As it can be observed, hand-crafted features behave differently on different datasets, so their robustness is not strong. Another interesting phenomenon is that LSCNN performs similarly with OSD on the SPRING dataset, but it is the worst on the FACE dataset. The reason is that LSCNN uses a domain-dependent spectral basis (the human body shapes in this case) for learning, thus it does not generalize well on different domains. Our approach performs even better on the SPRING than on the FAUST dataset, while a negligible drop in the CMC is observed on the FACE data. Moreover, among all the descriptors, FMNet shows good generalization, but we still achieve the best performance on both datasets. It demonstrates that our approach has the best generalization ability.
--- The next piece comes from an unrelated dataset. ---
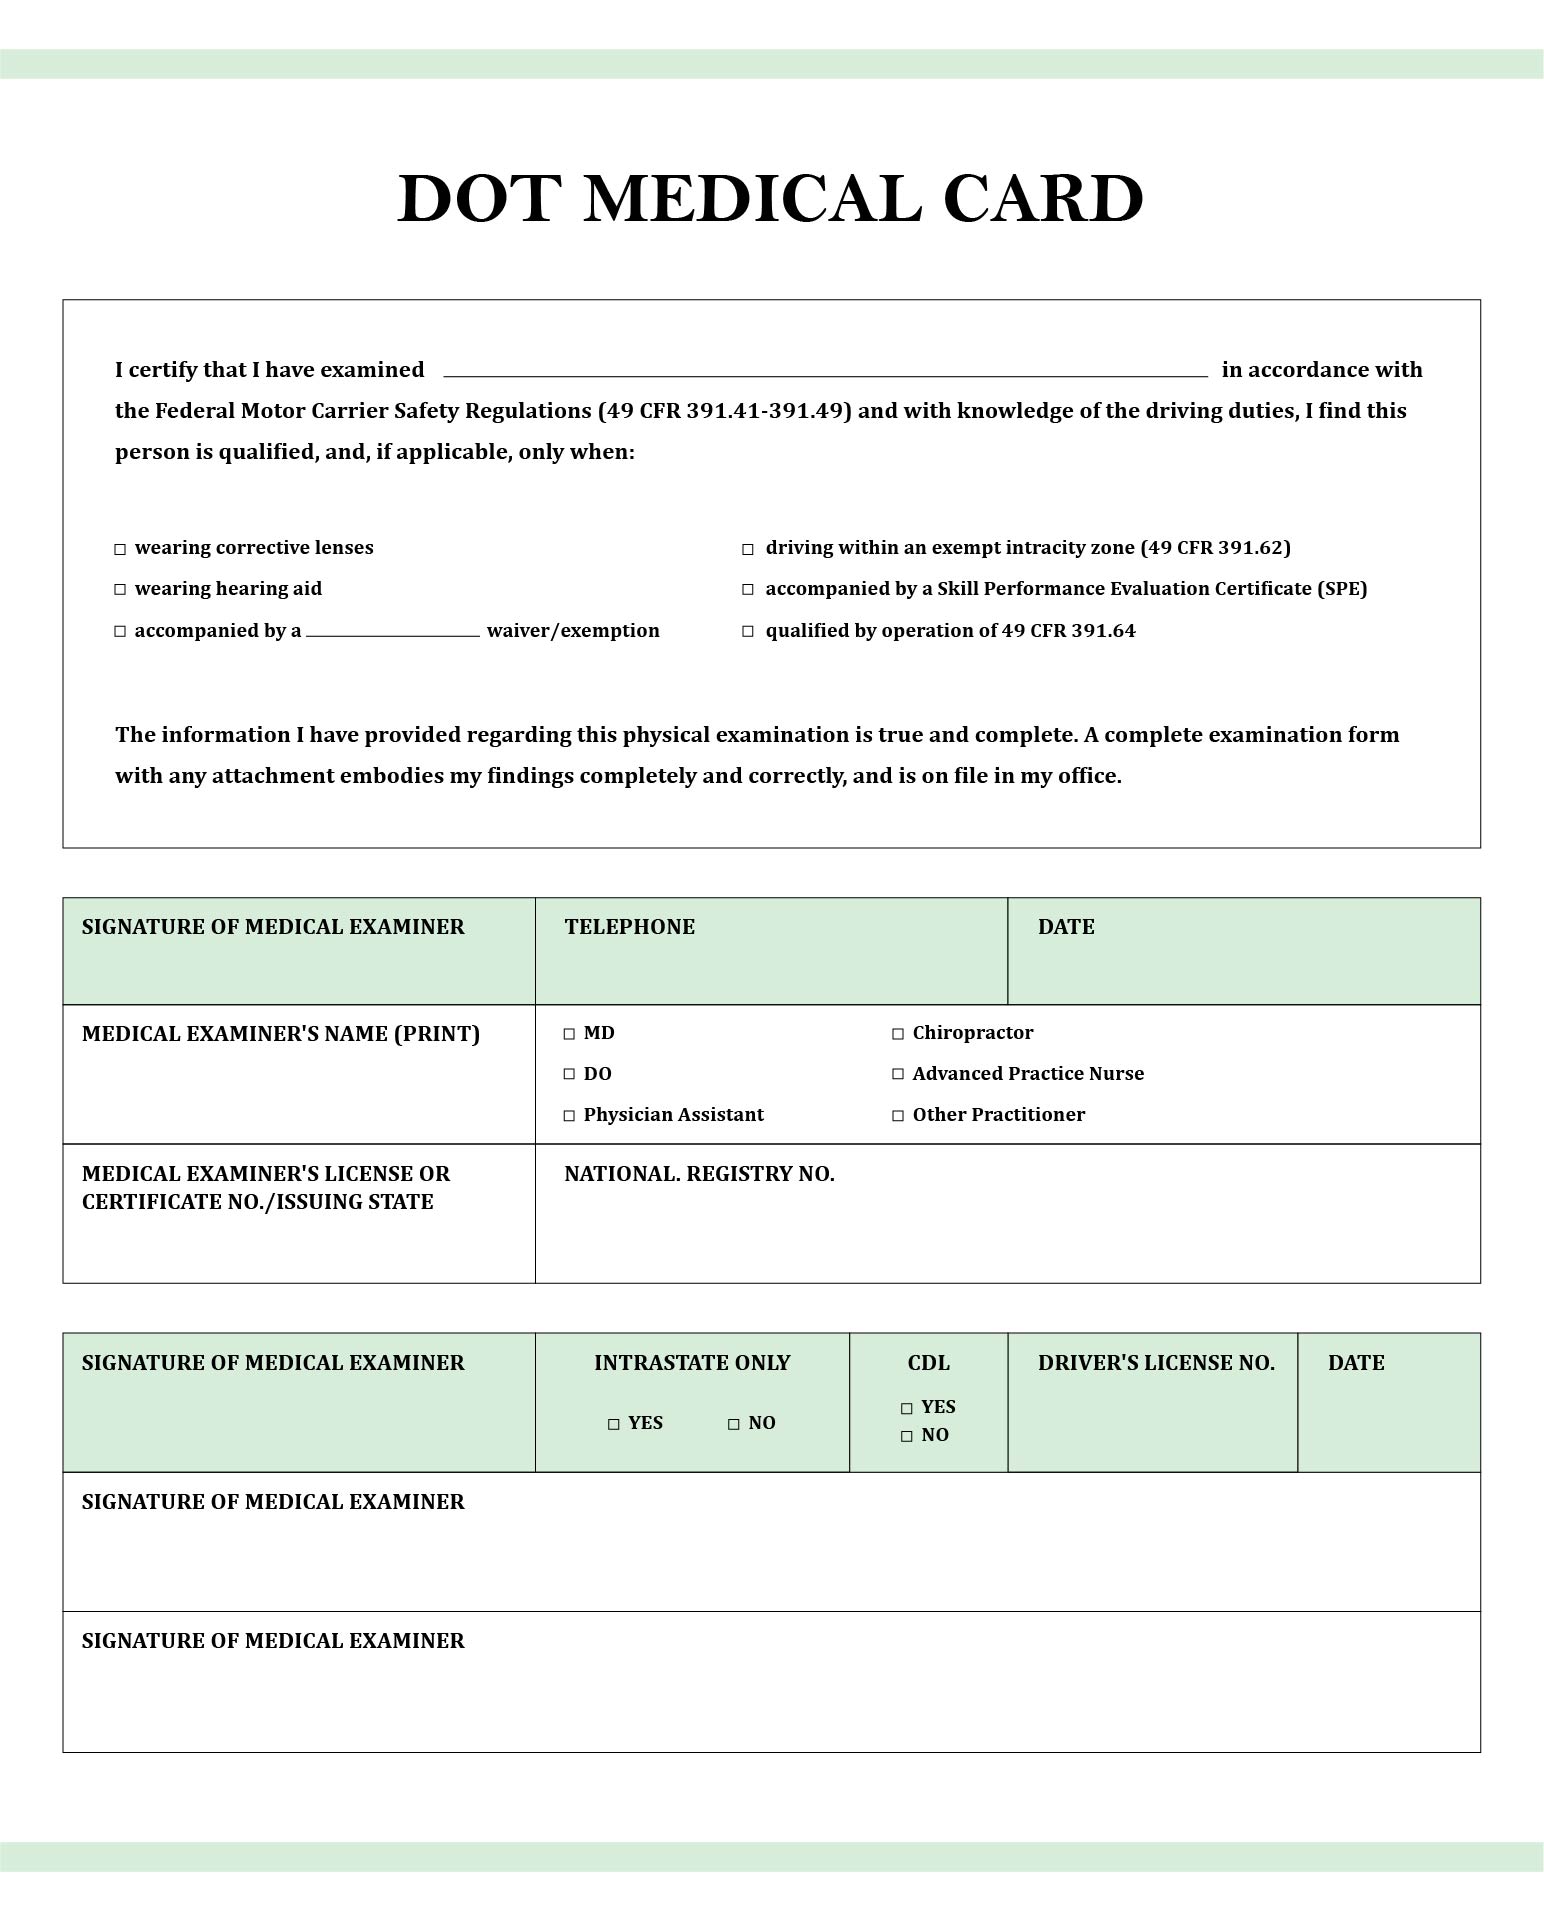 Dot Medical Card Sample

6 Conclusion and Future Work

In this paper, we have proposed a new 3D keypoint descriptor based on end-to-end deep learning techniques. A triplet network is designed and efficiently trained, where we introduce a new triplet-based loss function to characterize the relative ordering of the corresponding and non-corresponding keypoint pairs. The significant advantage of our framework is that we can learn the descriptors using local geometry images, that encodes more surface information than rendered views or 3D voxels. Although many local descriptors exist, we have demonstrated better discriminability, robustness and generalization capability of our approach through a variety of experiments.

Though we only use low-level geometric information in this paper, any other extrinsic or intrinsic surface properties can also be encoded into the geometry images. In future work, we would like to extend our flexible approach to other data-driven 3D vision applications, e.g., shape segmentation, 3D saliency detection, etc.